SeedMe: Data sharing building blocks
datasetposted on 27.11.2017 by Amit Chourasia, David R. Nadeau, Michael L. Norman
Datasets usually provide raw data for analysis. This raw data often comes in spreadsheet form, but can be any collection of data, on which analysis can be performed.
The need for data sharing and rapid data access has become central with the rise of collaborative research in many disciplines. For the general public, several file sharing products are available that post and share files using web browsers. But for science data and research use, these products are not well suited. While consumer products get by with manual user interfaces to add and remove a few shared files, this is not practical for sharing large numbers of science data files, like those generated during and after large-scale computation. Instead, automated and scriptable mechanisms are required that can integrate into computation workflows to post files during and after computation jobs.

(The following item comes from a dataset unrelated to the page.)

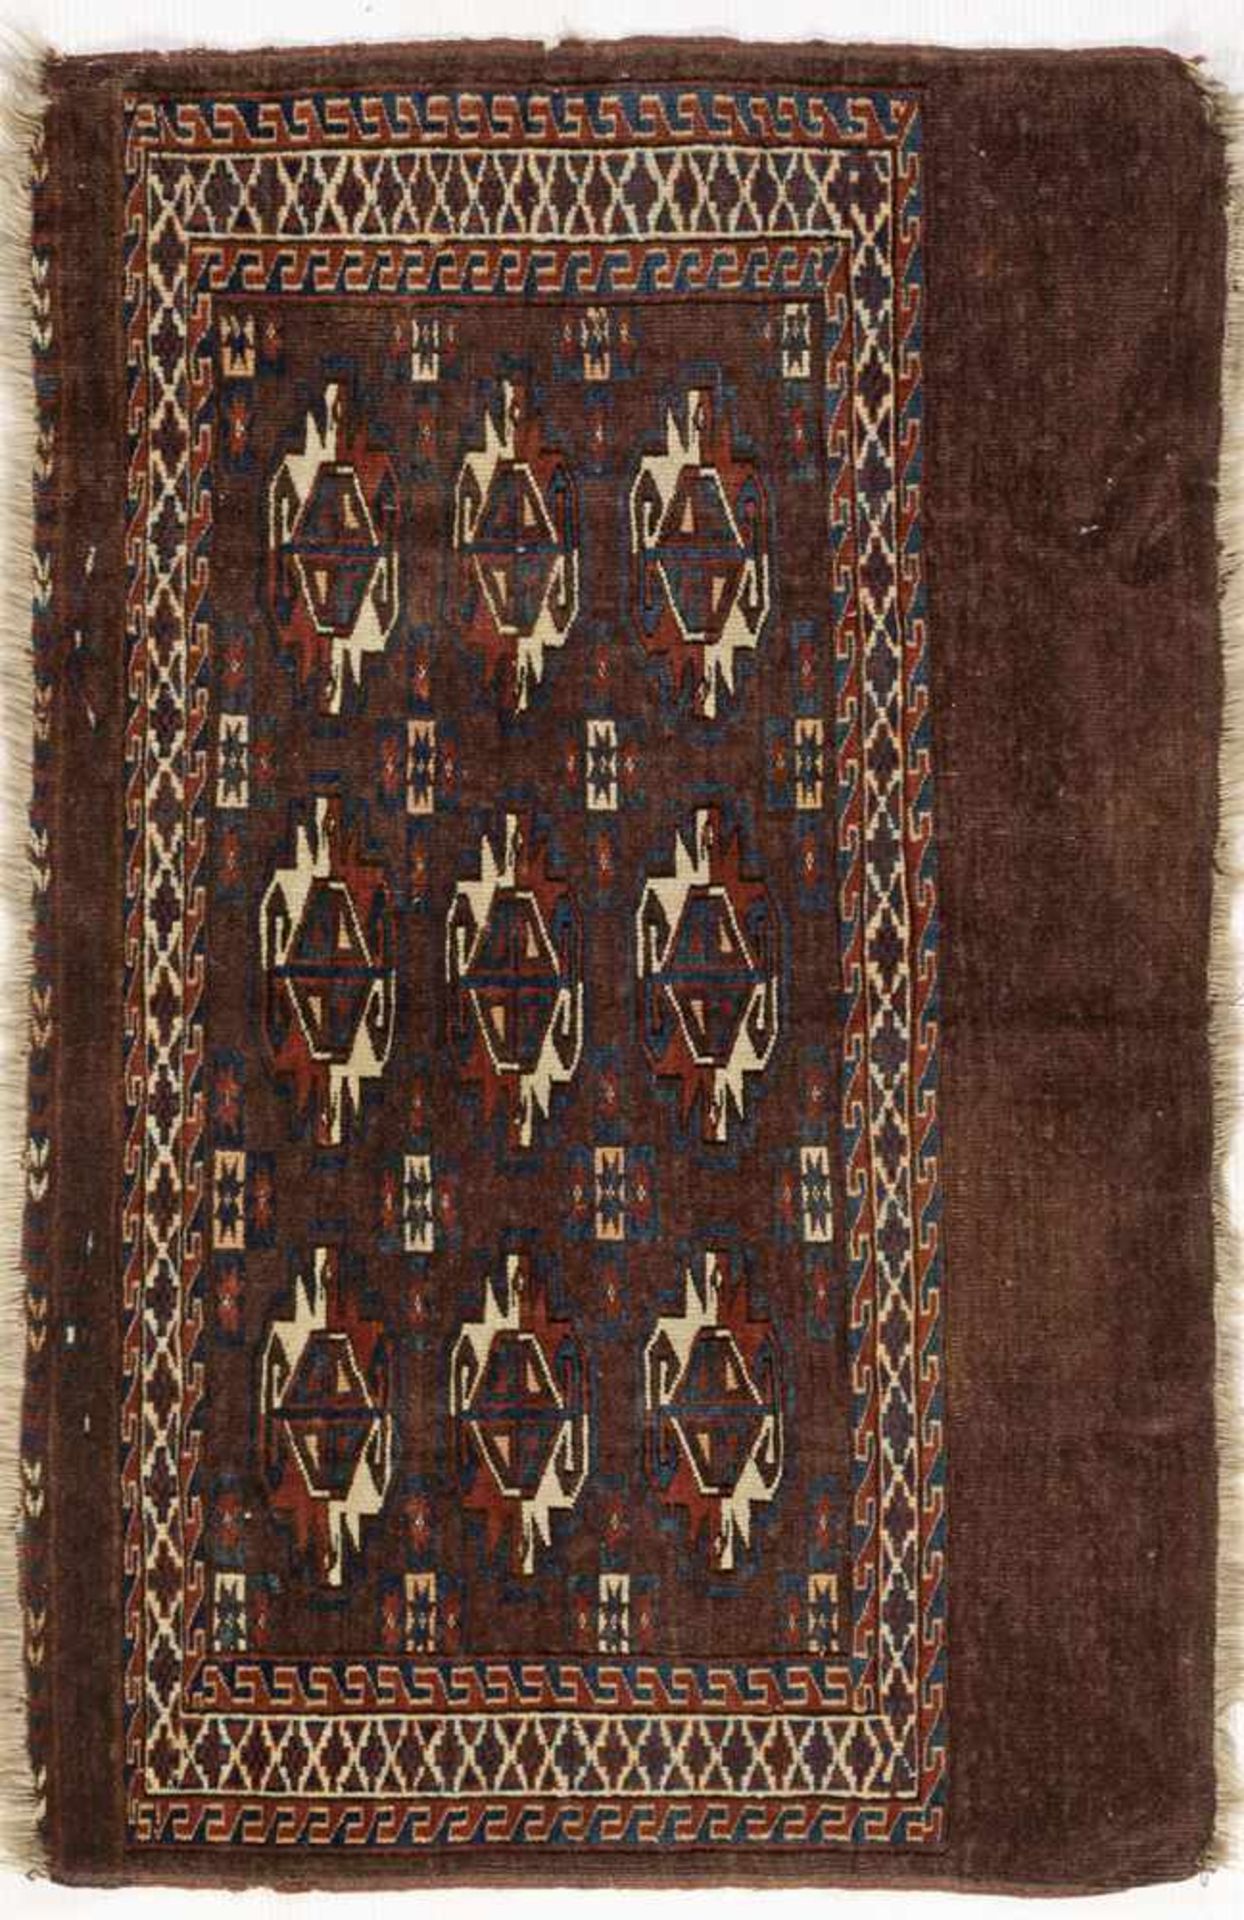 Antike Yomud Tschowal-TaschenfrontTurkmenistan. Um 1880-1900. Wolle auf Wolle. Auf rotbraunem

Scientific data sharing also requires support for collaborative discussion of research results, quick rough-draft visualizations to analyze the data, and support for metadata and descriptive information that can record job and compute platform characteristics, input data, job parameters, job completion status, and other provenance information.
Here we describe work in progress under the umbrella of the SeedMe (Stream, Encode, Explore and Disseminate My Experiments) project that is developing scientific data-sharing and data management tools that cater to the unique needs of computational scientists. These tools support automated and scriptable access to shared data, browser-based data access, secure data storage, sharing with a project workgroup, data descriptions and metadata, threaded collaborative discussion, and light-weight visualization.